[Data provided]
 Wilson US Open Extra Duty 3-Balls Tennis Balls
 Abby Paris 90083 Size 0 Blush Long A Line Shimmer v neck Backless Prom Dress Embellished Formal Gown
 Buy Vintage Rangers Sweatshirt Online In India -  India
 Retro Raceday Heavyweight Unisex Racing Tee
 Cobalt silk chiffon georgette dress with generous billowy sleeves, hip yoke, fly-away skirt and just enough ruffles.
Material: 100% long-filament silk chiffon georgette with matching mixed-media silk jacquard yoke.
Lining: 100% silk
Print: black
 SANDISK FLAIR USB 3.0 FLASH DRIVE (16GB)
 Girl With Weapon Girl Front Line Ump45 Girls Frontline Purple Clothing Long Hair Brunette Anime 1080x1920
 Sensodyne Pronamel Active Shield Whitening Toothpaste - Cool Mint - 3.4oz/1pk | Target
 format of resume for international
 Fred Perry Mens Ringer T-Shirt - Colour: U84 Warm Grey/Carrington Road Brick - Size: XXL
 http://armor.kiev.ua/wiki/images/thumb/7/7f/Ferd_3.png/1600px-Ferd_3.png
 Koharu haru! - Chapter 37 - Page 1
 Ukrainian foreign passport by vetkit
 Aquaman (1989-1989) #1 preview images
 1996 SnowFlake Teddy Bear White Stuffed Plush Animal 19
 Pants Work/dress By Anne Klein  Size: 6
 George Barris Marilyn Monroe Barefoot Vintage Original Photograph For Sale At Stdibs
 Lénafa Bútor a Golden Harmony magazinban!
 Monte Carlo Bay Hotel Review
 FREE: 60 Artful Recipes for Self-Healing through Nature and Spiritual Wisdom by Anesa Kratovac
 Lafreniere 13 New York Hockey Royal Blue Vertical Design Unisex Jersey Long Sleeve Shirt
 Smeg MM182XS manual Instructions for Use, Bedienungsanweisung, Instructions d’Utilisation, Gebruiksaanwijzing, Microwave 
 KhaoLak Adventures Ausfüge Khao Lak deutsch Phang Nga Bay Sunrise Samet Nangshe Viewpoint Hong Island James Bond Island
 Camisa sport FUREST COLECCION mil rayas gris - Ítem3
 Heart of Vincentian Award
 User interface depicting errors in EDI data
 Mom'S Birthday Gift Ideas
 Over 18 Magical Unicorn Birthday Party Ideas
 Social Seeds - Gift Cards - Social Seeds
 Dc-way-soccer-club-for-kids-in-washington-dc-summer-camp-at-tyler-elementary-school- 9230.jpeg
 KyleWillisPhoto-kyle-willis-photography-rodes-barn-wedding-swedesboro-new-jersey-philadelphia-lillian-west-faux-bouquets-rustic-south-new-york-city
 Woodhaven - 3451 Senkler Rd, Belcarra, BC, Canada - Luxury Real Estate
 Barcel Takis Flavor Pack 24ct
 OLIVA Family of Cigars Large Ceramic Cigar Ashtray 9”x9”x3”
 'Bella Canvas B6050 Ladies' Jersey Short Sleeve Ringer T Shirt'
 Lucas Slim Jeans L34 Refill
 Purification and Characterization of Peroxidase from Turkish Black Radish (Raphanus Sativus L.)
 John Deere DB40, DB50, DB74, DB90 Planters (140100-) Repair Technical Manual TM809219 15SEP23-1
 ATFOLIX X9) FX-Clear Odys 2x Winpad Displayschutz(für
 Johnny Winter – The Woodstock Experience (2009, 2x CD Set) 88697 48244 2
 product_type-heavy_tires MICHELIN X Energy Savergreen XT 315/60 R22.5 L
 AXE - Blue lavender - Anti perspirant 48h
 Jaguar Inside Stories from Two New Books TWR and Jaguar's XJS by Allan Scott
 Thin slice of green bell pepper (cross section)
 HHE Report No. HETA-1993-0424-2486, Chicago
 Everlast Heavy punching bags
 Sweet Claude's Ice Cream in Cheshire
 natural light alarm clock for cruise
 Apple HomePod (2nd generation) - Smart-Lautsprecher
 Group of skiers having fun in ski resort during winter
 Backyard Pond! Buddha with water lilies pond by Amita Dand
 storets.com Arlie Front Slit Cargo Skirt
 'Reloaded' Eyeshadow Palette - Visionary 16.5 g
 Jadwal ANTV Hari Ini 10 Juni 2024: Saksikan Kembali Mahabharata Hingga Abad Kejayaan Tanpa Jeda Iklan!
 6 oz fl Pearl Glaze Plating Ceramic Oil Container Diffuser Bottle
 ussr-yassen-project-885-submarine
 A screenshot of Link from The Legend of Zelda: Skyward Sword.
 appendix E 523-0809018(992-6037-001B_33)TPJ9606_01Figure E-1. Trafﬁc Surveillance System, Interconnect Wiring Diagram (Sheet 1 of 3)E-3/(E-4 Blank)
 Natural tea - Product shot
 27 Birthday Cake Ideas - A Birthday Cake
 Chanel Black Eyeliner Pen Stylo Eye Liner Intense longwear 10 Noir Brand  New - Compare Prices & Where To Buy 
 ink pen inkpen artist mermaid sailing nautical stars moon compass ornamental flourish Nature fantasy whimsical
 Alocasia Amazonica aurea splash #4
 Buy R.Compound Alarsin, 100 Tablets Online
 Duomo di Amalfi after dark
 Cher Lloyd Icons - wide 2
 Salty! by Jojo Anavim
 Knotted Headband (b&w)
[/Data provided]
▶ _Exercise aim_
Could each line above be retyped exactly?

▶ _Written response_
 Wilson US Open Extra Duty 3-Balls Tennis Balls
 Abby Paris 90083 Size 0 Blush Long A Line Shimmer v neck Backless Prom Dress Embellished Formal Gown
 Buy Vintage Rangers Sweatshirt Online In India -  India
 Retro Raceday Heavyweight Unisex Racing Tee
 Cobalt silk chiffon georgette dress with generous billowy sleeves, hip yoke, fly-away skirt and just enough ruffles.
Material: 100% long-filament silk chiffon georgette with matching mixed-media silk jacquard yoke.
Lining: 100% silk
Print: black
 SANDISK FLAIR USB 3.0 FLASH DRIVE (16GB)
 Girl With Weapon Girl Front Line Ump45 Girls Frontline Purple Clothing Long Hair Brunette Anime 1080x1920
 Sensodyne Pronamel Active Shield Whitening Toothpaste - Cool Mint - 3.4oz/1pk | Target
 format of resume for international
 Fred Perry Mens Ringer T-Shirt - Colour: U84 Warm Grey/Carrington Road Brick - Size: XXL
 http://armor.kiev.ua/wiki/images/thumb/7/7f/Ferd_3.png/1600px-Ferd_3.png
 Koharu haru! - Chapter 37 - Page 1
 Ukrainian foreign passport by vetkit
 Aquaman (1989-1989) #1 preview images
 1996 SnowFlake Teddy Bear White Stuffed Plush Animal 19
 Pants Work/dress By Anne Klein  Size: 6
 George Barris Marilyn Monroe Barefoot Vintage Original Photograph For Sale At Stdibs
 Lénafa Bútor a Golden Harmony magazinban!
 Monte Carlo Bay Hotel Review
 FREE: 60 Artful Recipes for Self-Healing through Nature and Spiritual Wisdom by Anesa Kratovac
 Lafreniere 13 New York Hockey Royal Blue Vertical Design Unisex Jersey Long Sleeve Shirt
 Smeg MM182XS manual Instructions for Use, Bedienungsanweisung, Instructions d’Utilisation, Gebruiksaanwijzing, Microwave 
 KhaoLak Adventures Ausfüge Khao Lak deutsch Phang Nga Bay Sunrise Samet Nangshe Viewpoint Hong Island James Bond Island
 Camisa sport FUREST COLECCION mil rayas gris - Ítem3
 Heart of Vincentian Award
 User interface depicting errors in EDI data
 Mom'S Birthday Gift Ideas
 Over 18 Magical Unicorn Birthday Party Ideas
 Social Seeds - Gift Cards - Social Seeds
 Dc-way-soccer-club-for-kids-in-washington-dc-summer-camp-at-tyler-elementary-school- 9230.jpeg
 KyleWillisPhoto-kyle-willis-photography-rodes-barn-wedding-swedesboro-new-jersey-philadelphia-lillian-west-faux-bouquets-rustic-south-new-york-city
 Woodhaven - 3451 Senkler Rd, Belcarra, BC, Canada - Luxury Real Estate
 Barcel Takis Flavor Pack 24ct
 OLIVA Family of Cigars Large Ceramic Cigar Ashtray 9”x9”x3”
 'Bella Canvas B6050 Ladies' Jersey Short Sleeve Ringer T Shirt'
 Lucas Slim Jeans L34 Refill
 Purification and Characterization of Peroxidase from Turkish Black Radish (Raphanus Sativus L.)
 John Deere DB40, DB50, DB74, DB90 Planters (140100-) Repair Technical Manual TM809219 15SEP23-1
 ATFOLIX X9) FX-Clear Odys 2x Winpad Displayschutz(für
 Johnny Winter – The Woodstock Experience (2009, 2x CD Set) 88697 48244 2
 product_type-heavy_tires MICHELIN X Energy Savergreen XT 315/60 R22.5 L
 AXE - Blue lavender - Anti perspirant 48h
 Jaguar Inside Stories from Two New Books TWR and Jaguar's XJS by Allan Scott
 Thin slice of green bell pepper (cross section)
 HHE Report No. HETA-1993-0424-2486, Chicago
 Everlast Heavy punching bags
 Sweet Claude's Ice Cream in Cheshire
 natural light alarm clock for cruise
 Apple HomePod (2nd generation) - Smart-Lautsprecher
 Group of skiers having fun in ski resort during winter
 Backyard Pond! Buddha with water lilies pond by Amita Dand
 storets.com Arlie Front Slit Cargo Skirt
 'Reloaded' Eyeshadow Palette - Visionary 16.5 g
 Jadwal ANTV Hari Ini 10 Juni 2024: Saksikan Kembali Mahabharata Hingga Abad Kejayaan Tanpa Jeda Iklan!
 6 oz fl Pearl Glaze Plating Ceramic Oil Container Diffuser Bottle
 ussr-yassen-project-885-submarine
 A screenshot of Link from The Legend of Zelda: Skyward Sword.
 appendix E 523-0809018(992-6037-001B_33)TPJ9606_01Figure E-1. Trafﬁc Surveillance System, Interconnect Wiring Diagram (Sheet 1 of 3)E-3/(E-4 Blank)
 Natural tea - Product shot
 27 Birthday Cake Ideas - A Birthday Cake
 Chanel Black Eyeliner Pen Stylo Eye Liner Intense longwear 10 Noir Brand  New - Compare Prices & Where To Buy 
 ink pen inkpen artist mermaid sailing nautical stars moon compass ornamental flourish Nature fantasy whimsical
 Alocasia Amazonica aurea splash #4
 Buy R.Compound Alarsin, 100 Tablets Online
 Duomo di Amalfi after dark
 Cher Lloyd Icons - wide 2
 Salty! by Jojo Anavim
 Knotted Headband (b&w)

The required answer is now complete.